Von Markus Lohninger. Erstellt am 26. April 2019 (04:01)
Markus Lohninger
Fiebern der Fertigstellung des Hauses der Gmünder Zeitgeschichte beim Lagertor entgegen: Harald Winkler, Vizebürgermeister Hubert Hauer, Bürgermeisterin Helga Rosenmayer, Stadtrat Alexander Berger, Manfred Dacho, Stadtrat Jürgen Trsek und Franz Drach (von links).
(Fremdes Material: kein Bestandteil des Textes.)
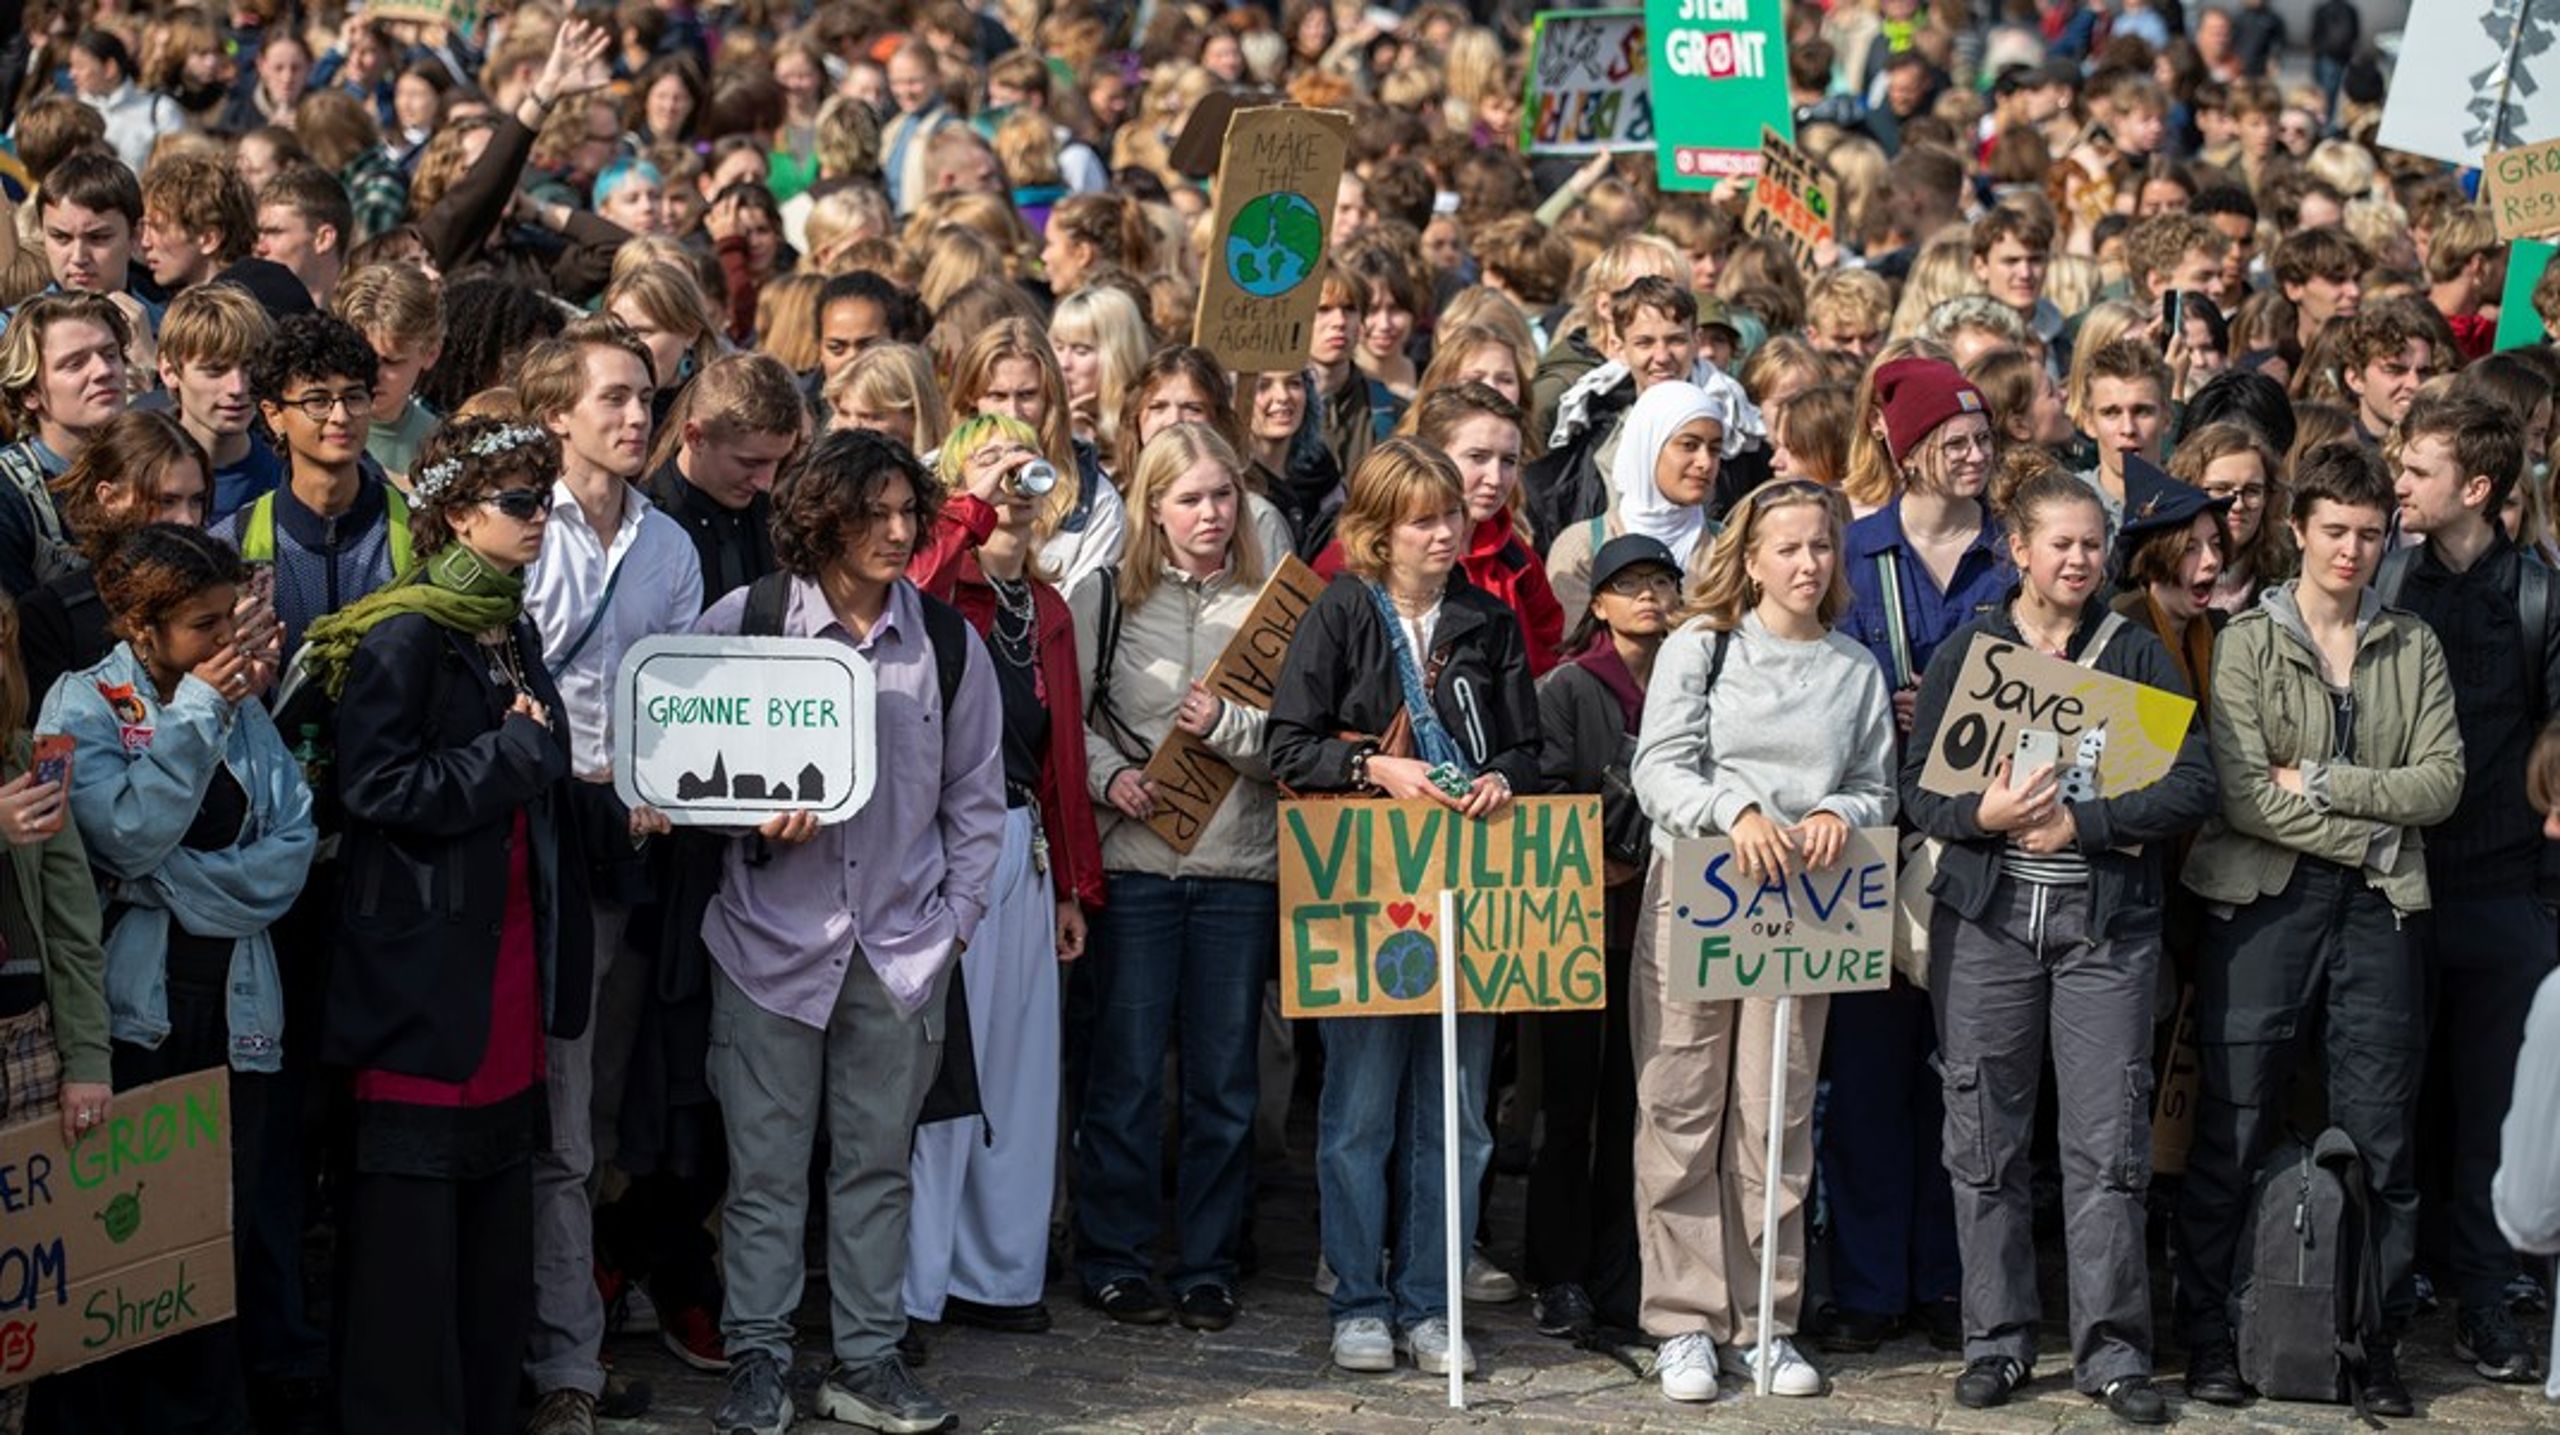 Tusinder af unge var forrige fredag mødt op på Christiansborg Slotsplads for at kræve konkret klimahandling. Men det blev ignoreret af langt de fleste store medier, skriver Caroline Bessermann.

Wie die Zeit vergeht… Fünf Jahre ist es her, als bei den Arbeiten zur Ausstellung über hundert Jahre Flüchtlingslager und hundert Jahre Gmünder Neustadt die Idee für ein fixes „Lagermuseum“ entstand. Wie die Zeit in Gmünd verging, das wird schon bald das „Haus der Gmünder Zeitgeschichte“ zeigen – es spannt den Bogen wesentlich über die Lagerzeit hinaus und lässt zugleich neues Leben in eine zentrale Stelle des einstigen Lagers einkehren.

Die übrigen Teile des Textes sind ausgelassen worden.